On Being Impervious To the Discreet Charm of M K Gandhi

About the Speaker

Tridip Suhrud is a scholar, writer and translator who works on the intellectual and cultural history of modern Gujarat and the Gandhian intellectual tradition. As the director and chief editor of the Sabarmati Ashram Preservation and Memorial Trust (2012-17), Ahmedabad, he was responsible for creating a digital archive of all of M.K. Gandhi's works, the Gandhi Heritage Portal. Apart from a number of books on Gandhi's life, Suhrud has co-edited the critical edition of Hind Swaraj, translated Narayan Desai's four-volume biography of Gandhi, My Life Is My Message, and translated the four-volume epic Gujarati novel Sarasvatichandra. His latest book, The Diary of Manu Gandhi: 1943-1944, was published in 2019.

Abstract

At 6:30 am, on March 12, 1930, M K Gandhi, accompanied by seventy-eight marchers left the Sabarmati Ashram for Dandi, a coastal village in South Gujarat.
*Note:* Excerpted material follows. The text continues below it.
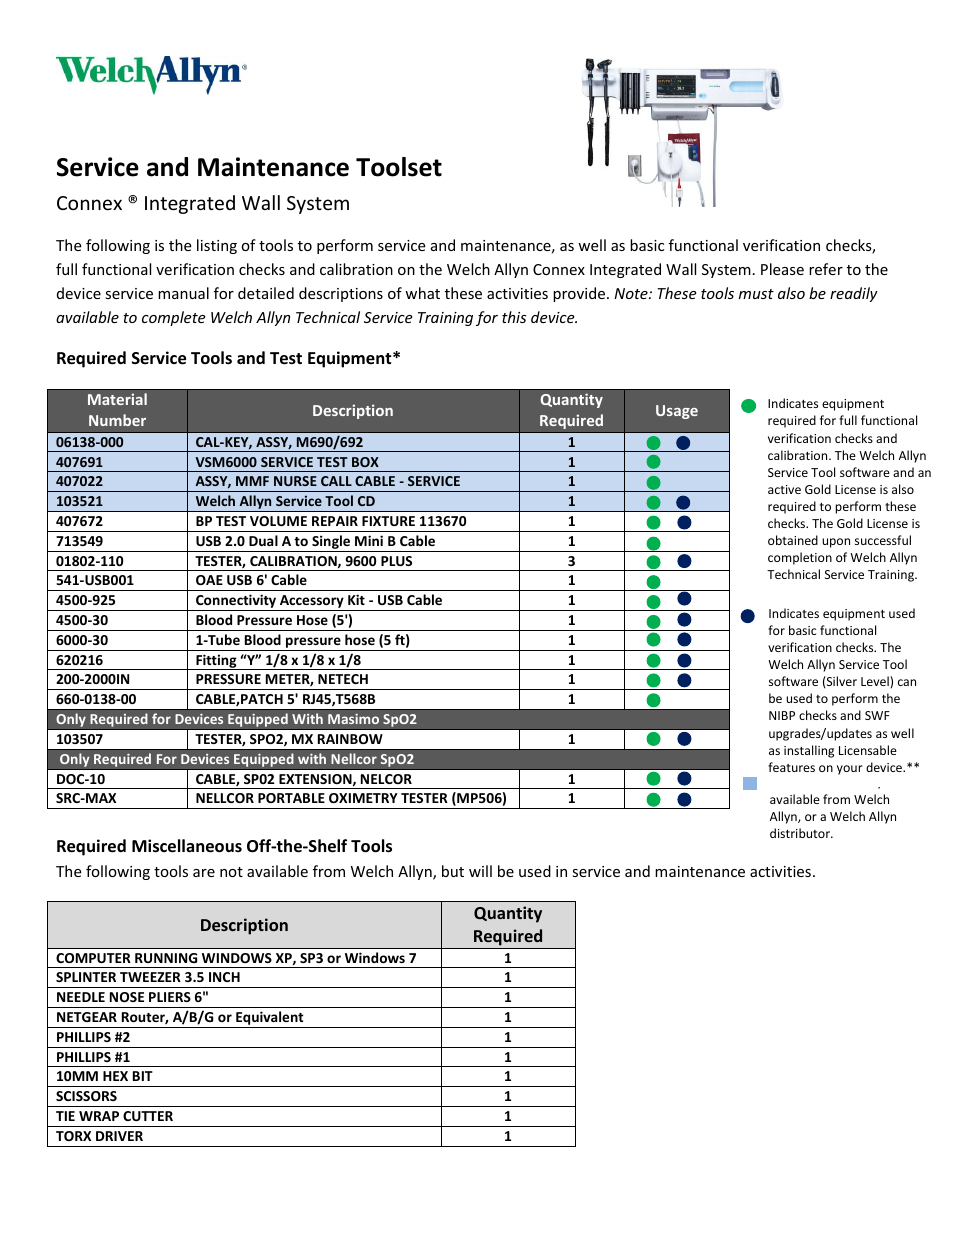 Connex Integrated Wall System, Required Service Tools and Test Equipment - Quick Reference Guide

He did not ever return to live in the Ashram that he had created and nurtured since 1917. It is evident that the self-imposed exile applied not only to the Ashram but also increasingly to the city of Ahmedabad and Gujarat itself. In the remaining eighteen years of his life, Gandhi was to spend some three hundred and one days in Gujarat. His last visit to Ahmedabad was on November 2, 1936. His exile from Ahmedabad is reminiscent of a tap. He did not visit Gujarat after January 1942. If we understand something of this obvious turning away from Gujarat on the part of Gandhi, we might be able to capture something of the relationship that present-day Gujarat has with him. This talk would attempt in very broad strokes to capture the fraught cultural relationship that Gujarat shared with Gandhi; in his times and in ours.